**What the task asks:** Make the copy match the entries below exactly, with no pictures carried over.

**Data:**
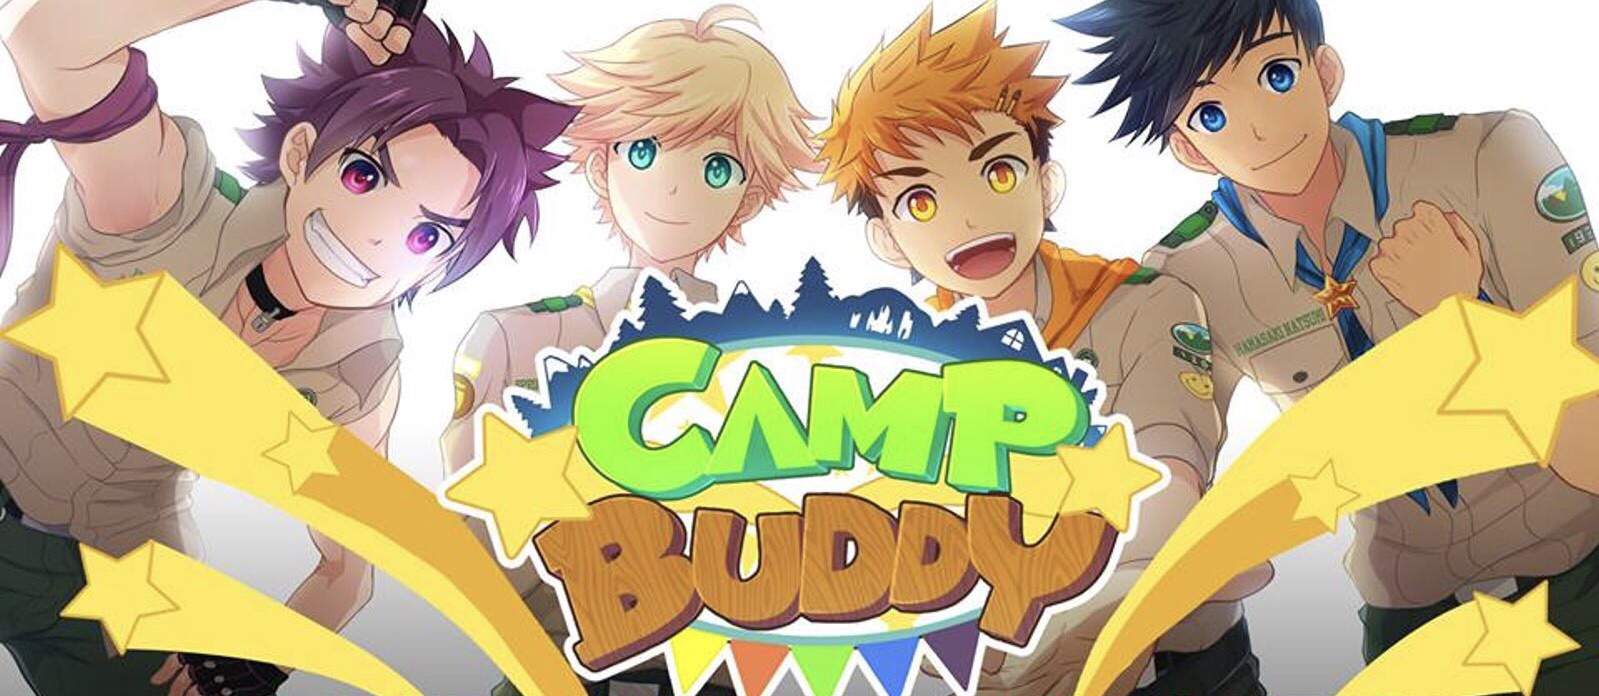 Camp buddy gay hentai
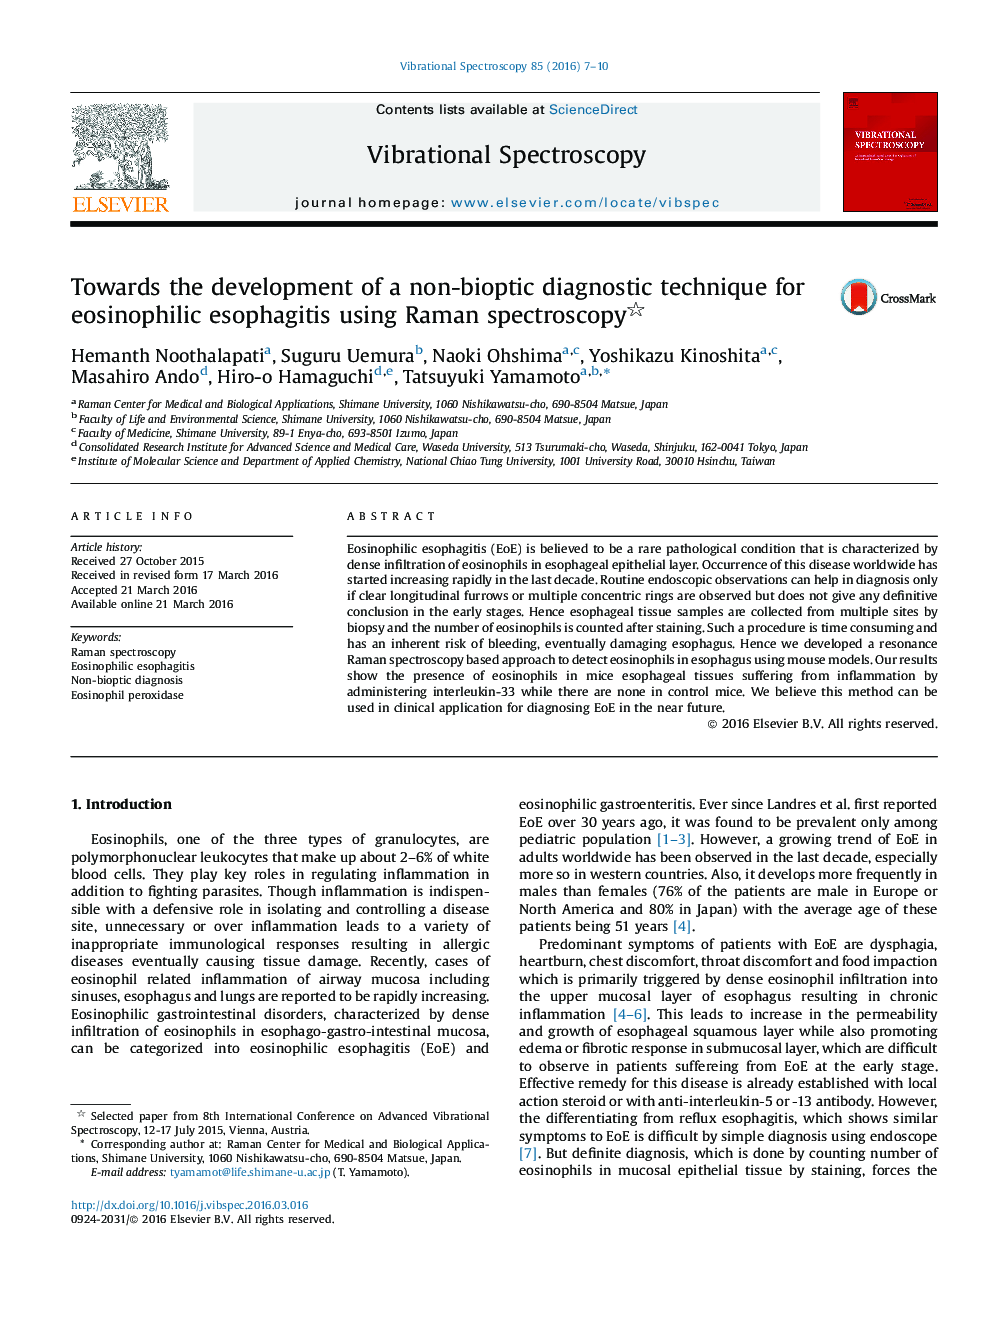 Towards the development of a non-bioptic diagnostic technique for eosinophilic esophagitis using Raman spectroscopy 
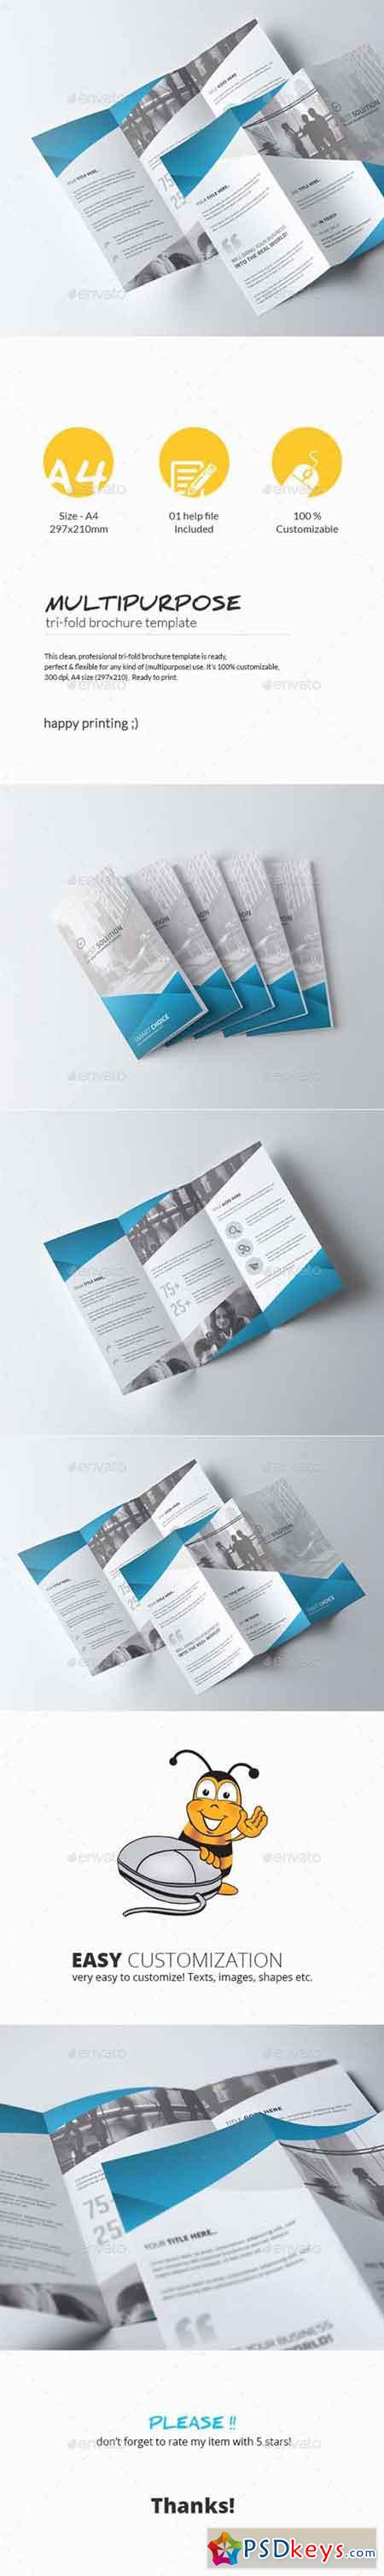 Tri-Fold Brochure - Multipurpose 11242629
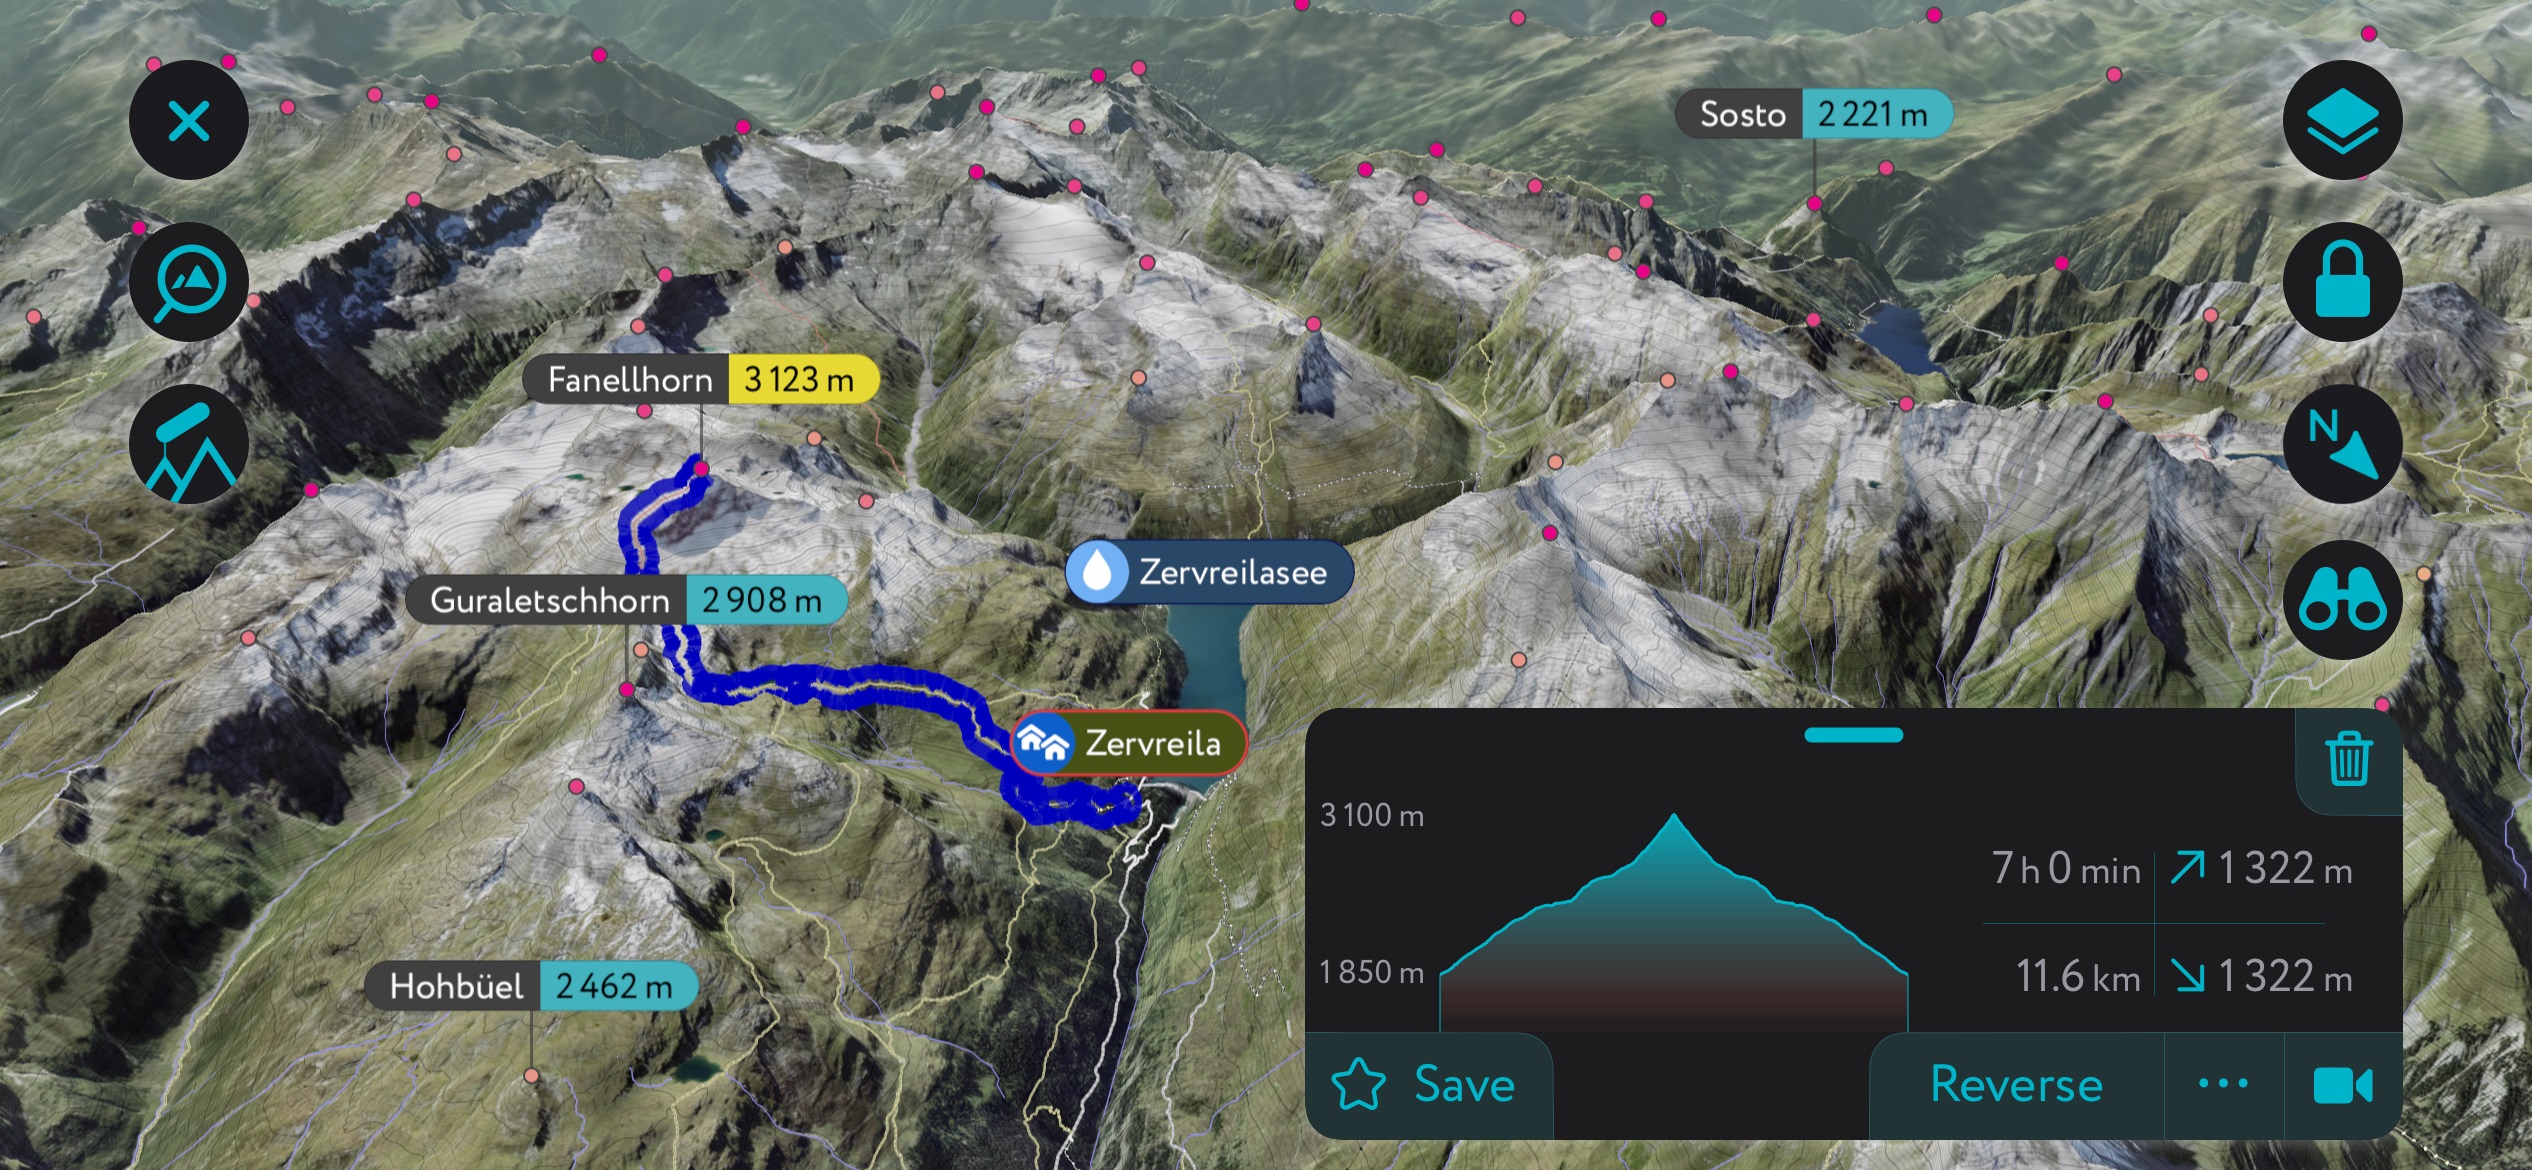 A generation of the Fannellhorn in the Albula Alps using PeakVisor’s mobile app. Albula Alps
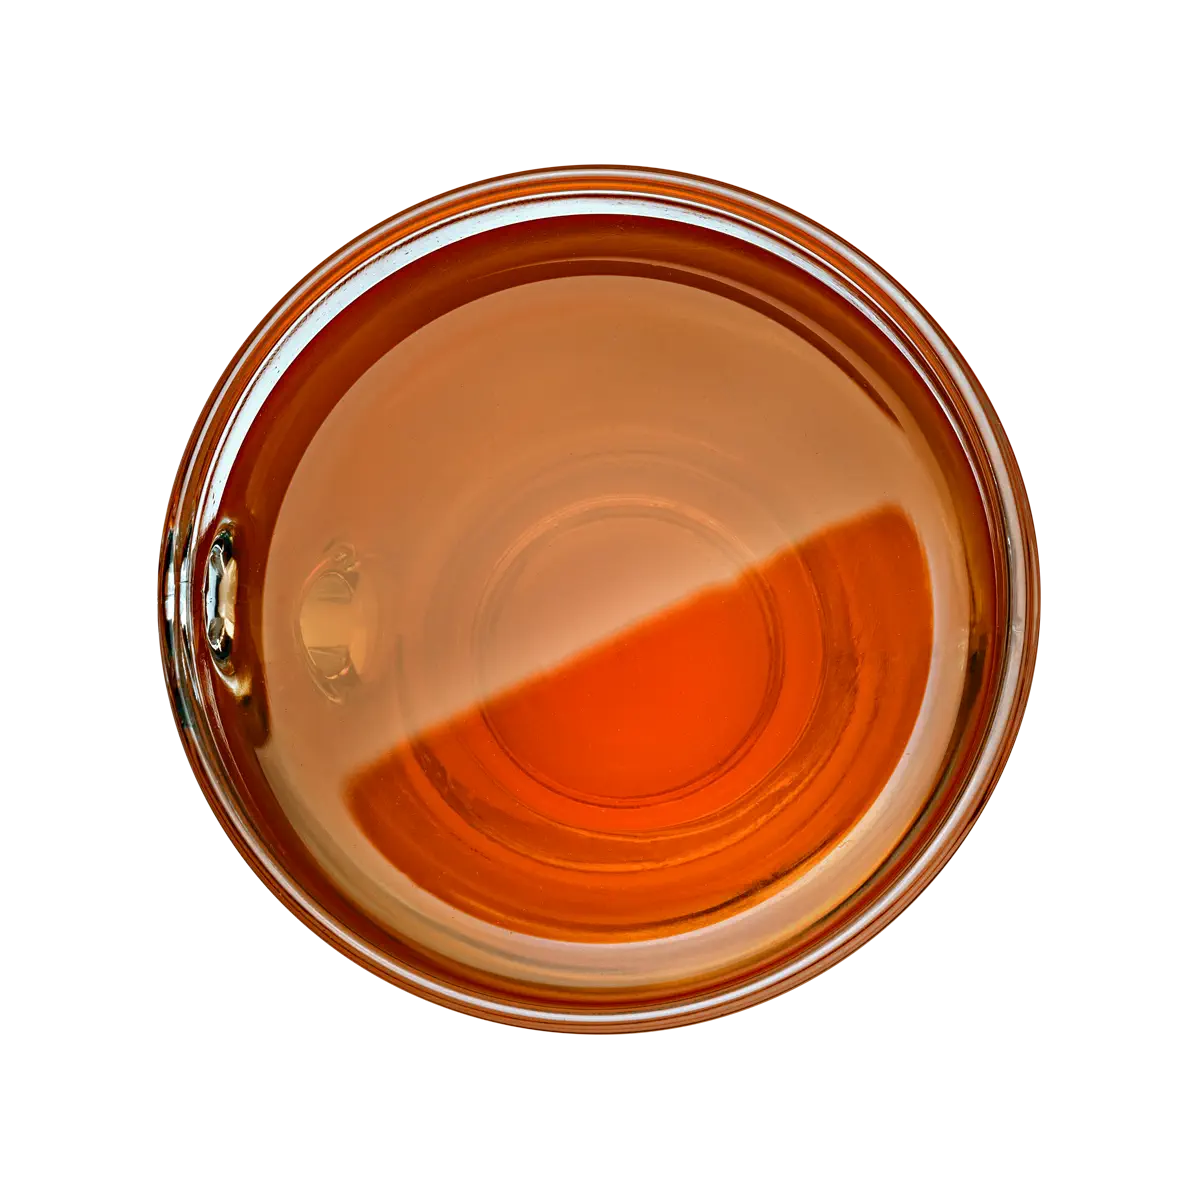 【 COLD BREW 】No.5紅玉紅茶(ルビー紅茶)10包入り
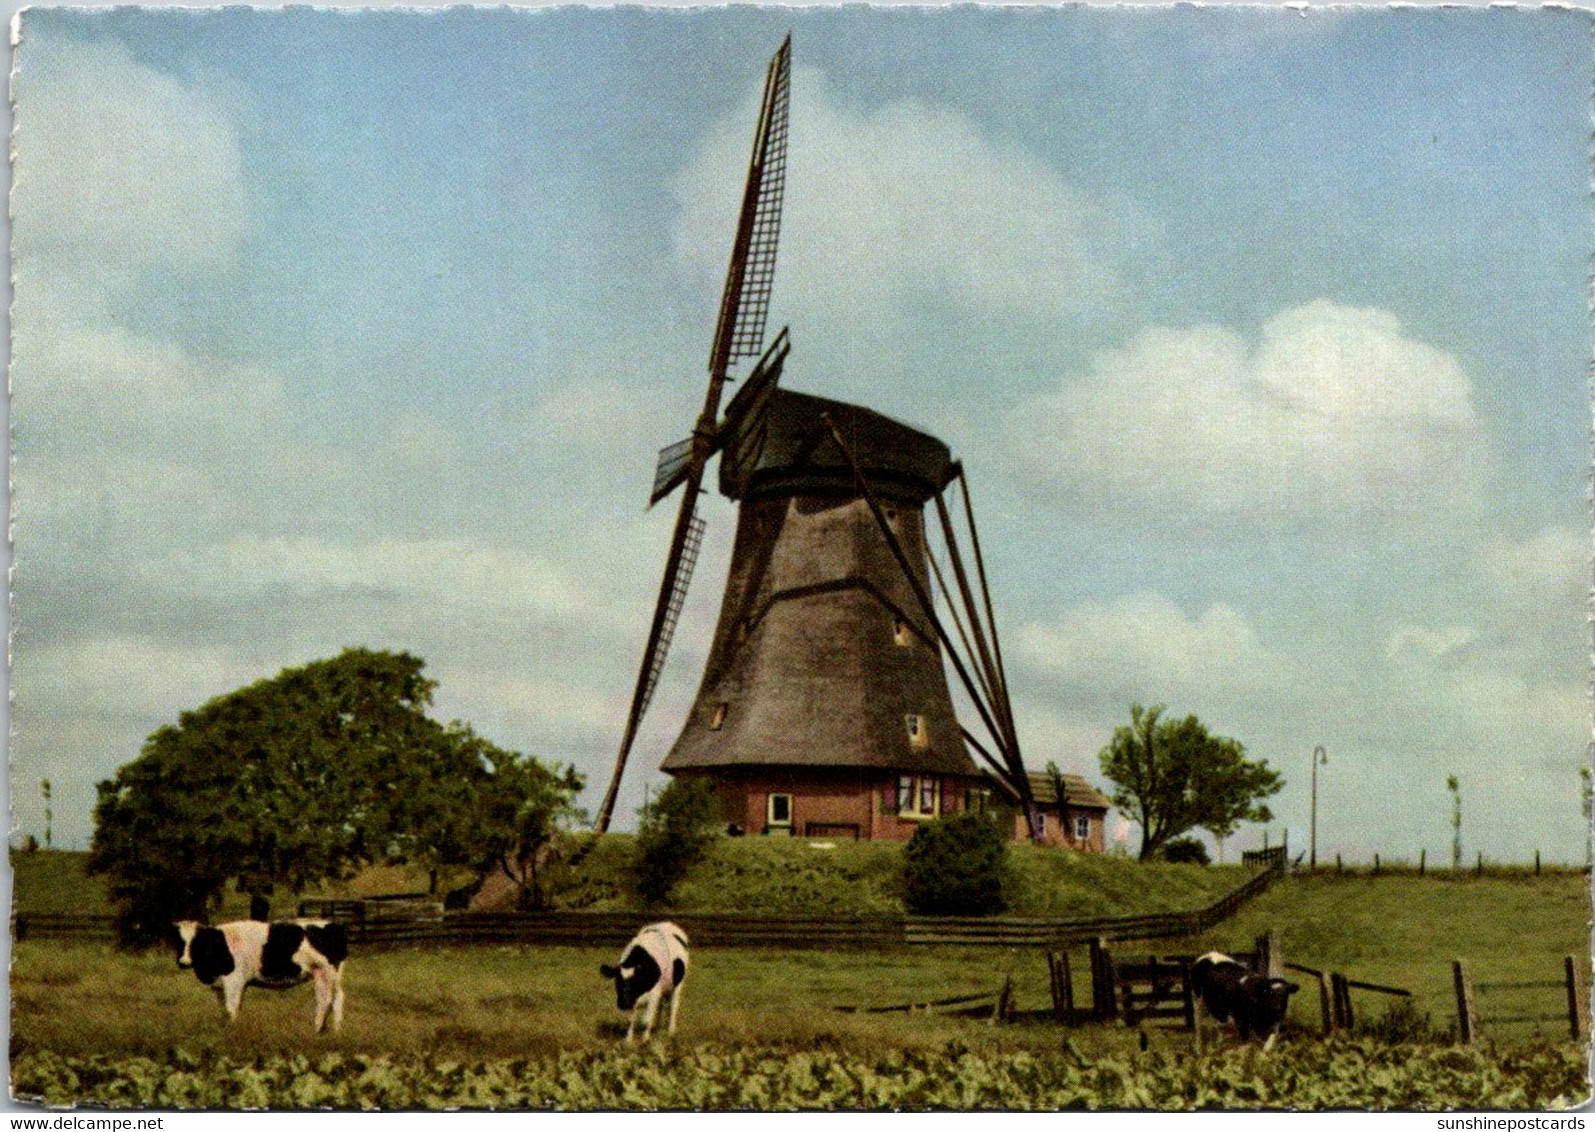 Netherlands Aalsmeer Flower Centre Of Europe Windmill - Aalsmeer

**Final answer:**
 Camp buddy gay hentai
 Towards the development of a non-bioptic diagnostic technique for eosinophilic esophagitis using Raman spectroscopy 
 Tri-Fold Brochure - Multipurpose 11242629
 A generation of the Fannellhorn in the Albula Alps using PeakVisor’s mobile app. Albula Alps
 【 COLD BREW 】No.5紅玉紅茶(ルビー紅茶)10包入り
 Netherlands Aalsmeer Flower Centre Of Europe Windmill - Aalsmeer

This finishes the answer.